Well anarchic institutions like Wikipedia, that are run informally be regular folks rather than formally by experts, don’t get much respect. Shapiro points out in his article that there are a fair amount of teachers that he works with discourage their students from using Wikipedia as a source, but he does not share their concern, saying…

Like any encyclopedia, the online resource Wikipedia is not a perfect reference guide; however, it is an excellent place for students to start the research process and has immense pedagogical value for teachers.

My son Eric, who left school at age 14 and continued pursuing his education on his own, became very versed in current events, history and other areas of knowledge by reading the online edition of the New York Times every day and looking up anything he read that caught his interest on Wikipedia, drilling down from article to article until he was satisfied he understood.

Speaking to its veracity relative to a traditional encyclopedia written by paid experts…

A recent study, published in Nature, showed that for every four errors found in Wikipedia, there were three errors found in the Encyclopedia Britannica. Yet that study was conducted in 2005, and since then those same Wikipedia entries have been subjected to intense online scrutiny. Each entry is assigned a discussion board to resolve disputes, and particularly contentious battles can be resolved by “admins.” These online arguments can actually improve the quality of the information.

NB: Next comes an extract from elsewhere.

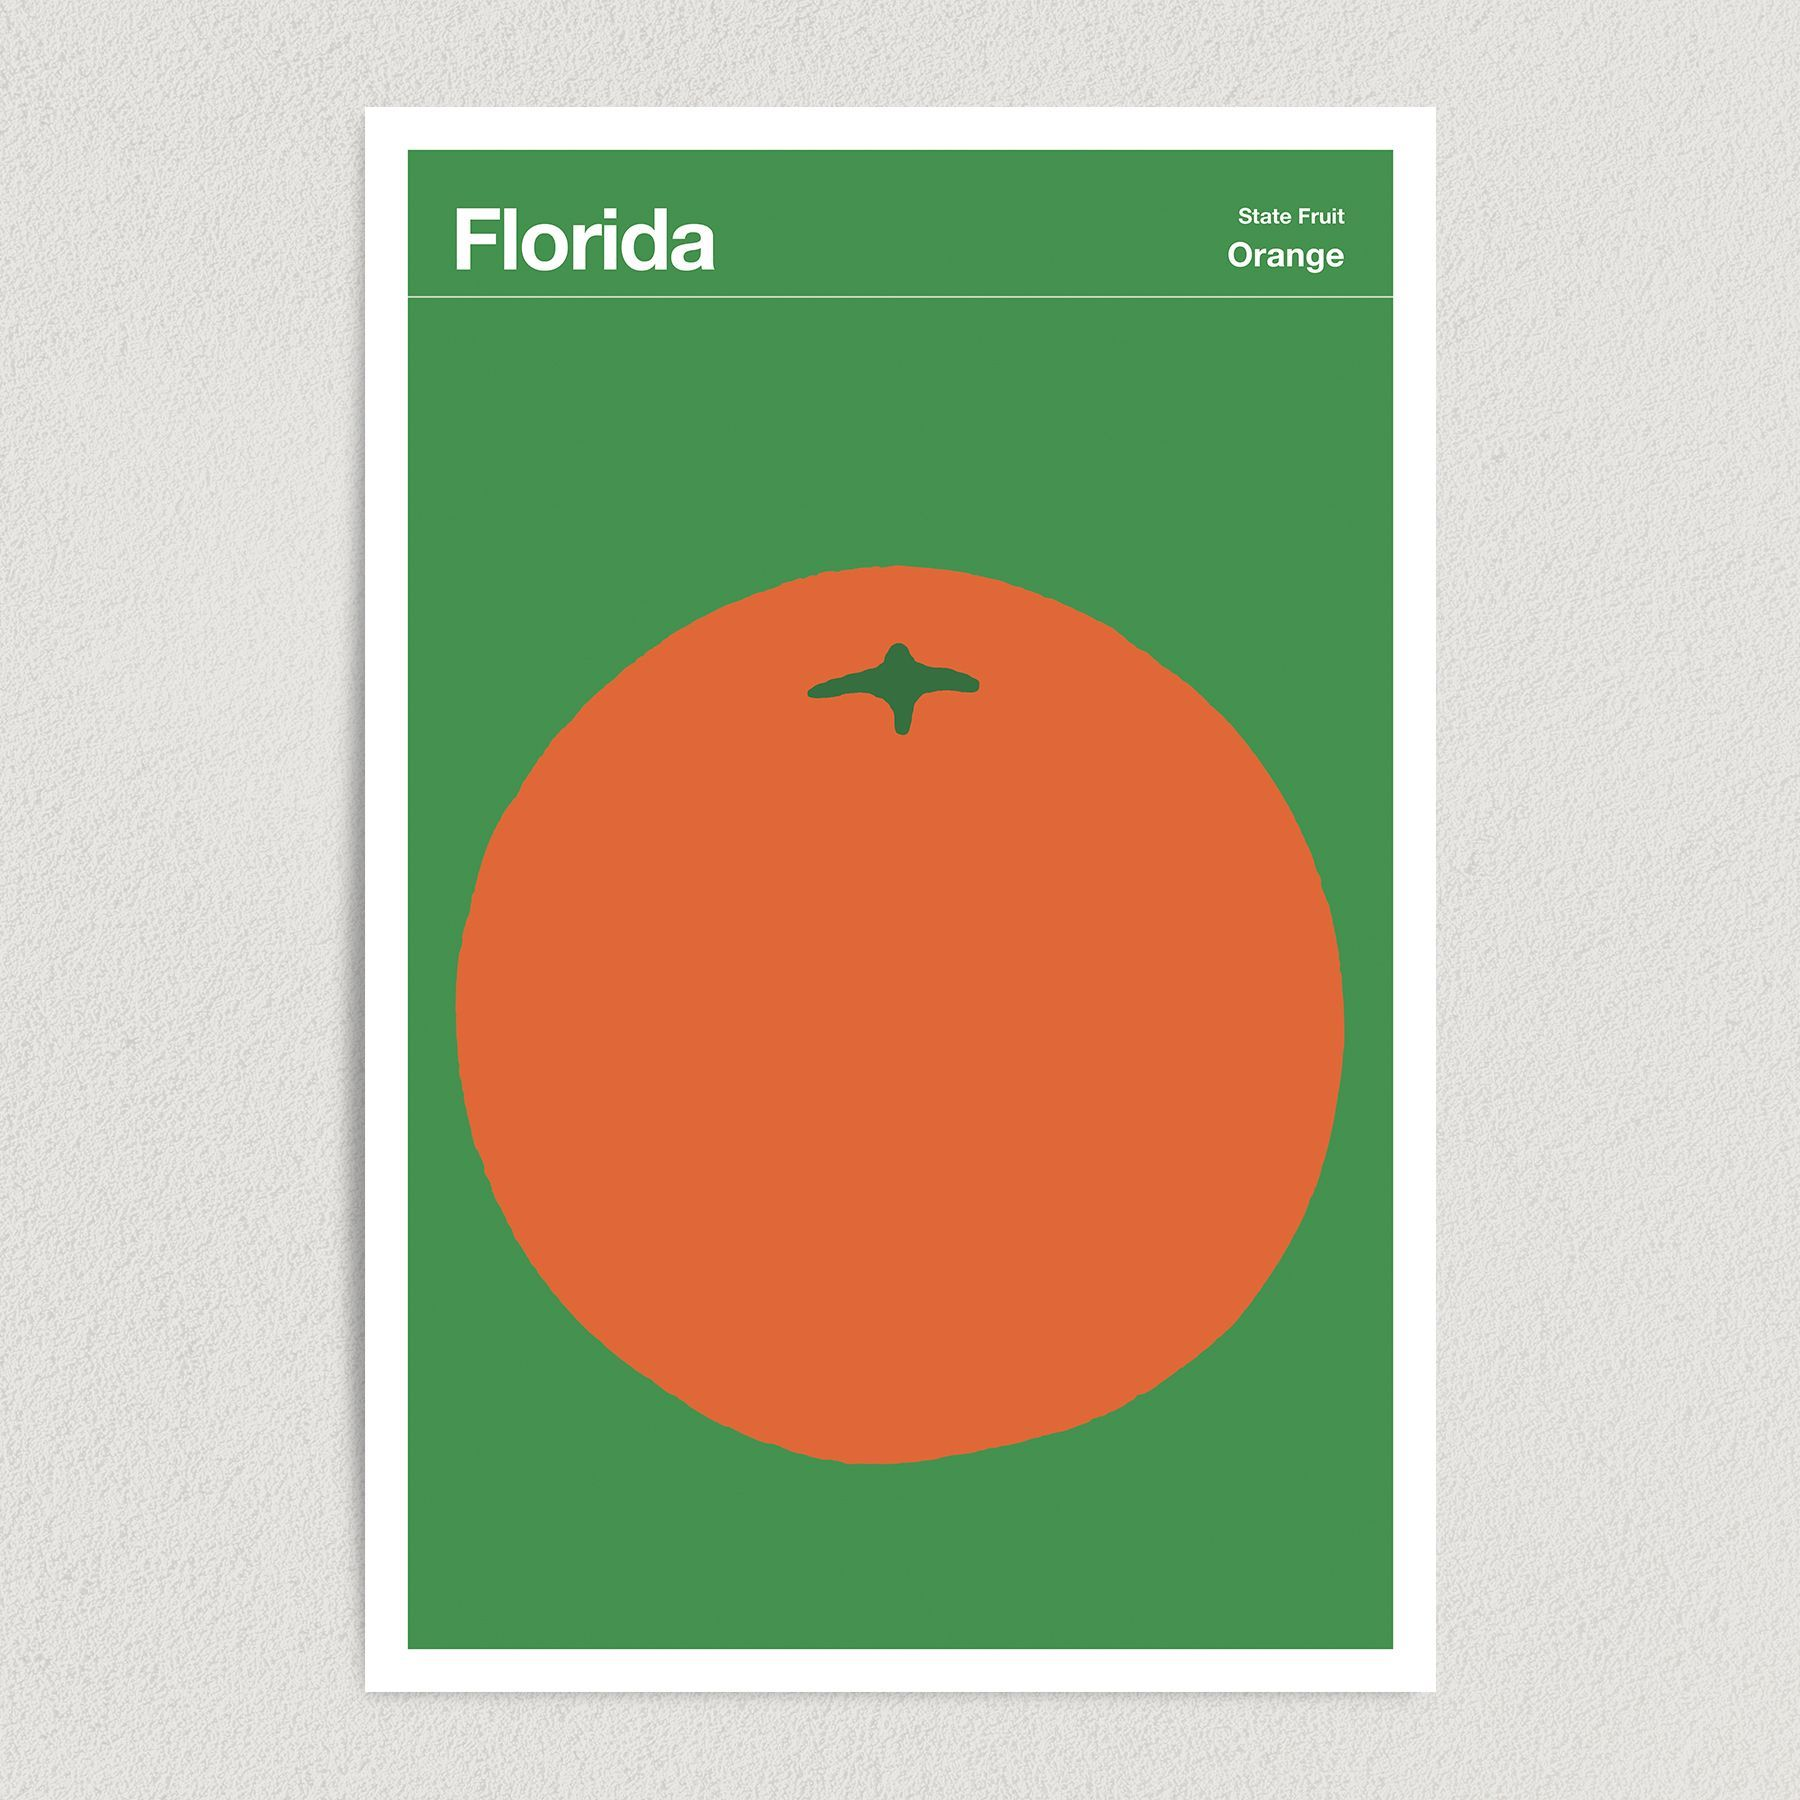 Florida State Fruit Orange Illustration Art Print Poster 12″ x 18″ Wall Art T2134

That last statement by the author speaks to the possibility that a reference maintained by an informal (anarchic) web of volunteers can be better than one traditionally maintained. Going into more detail on this point he says…

When I worry about the accuracy of the information, I can check the citations (which are also hyperlinked) to separate fact from fiction. But in general, I don’t worry. After all, if people volunteer their free time to share their passions — whether it is for football or physics — chances are they know their stuff. Take the example of Vaughan Bell, a neuropsychologist at London’s Institute of Psychiatry. He has continually reworked the Wikipedia entry on schizophrenia, not because he is paid to do so, but rather because he is passionate about the topic.

Here the anarchic volunteer model may in fact be superior in our modern wired world, because it engages the passions of the people most interested in the topic around the world. Could this be an evolutionary model for our human race, moving from hierarchical institutions of top-down control toward more informal self-forming organizations based on love, the love of knowledge? Moving from Britannica to Wikipedia?

Even the Britannica cannot deny the value of online contributors, since its editors recently allowed their online encyclopedia to be modified by readers (although reader edits must go through a review board).

Wikipedia is just one example of a new generation of institutions that the anarchic Internet can spawn, harnessing the power of caring individuals all around the world and substituting un-paid volunteer passion for paid expertise.

This piece is more a rumination than a solidly argued position piece. But given my biases as a right-brained non-linear thinker, activist, and a person with a love of improvisation and not doing the same thing the same way twice, I like anarchism as a very useful governance model moving forward into this new century. Not perhaps for countries or such geographic entities, but maybe for the kind of emerging knowledge infrastructure that may mark this new information era.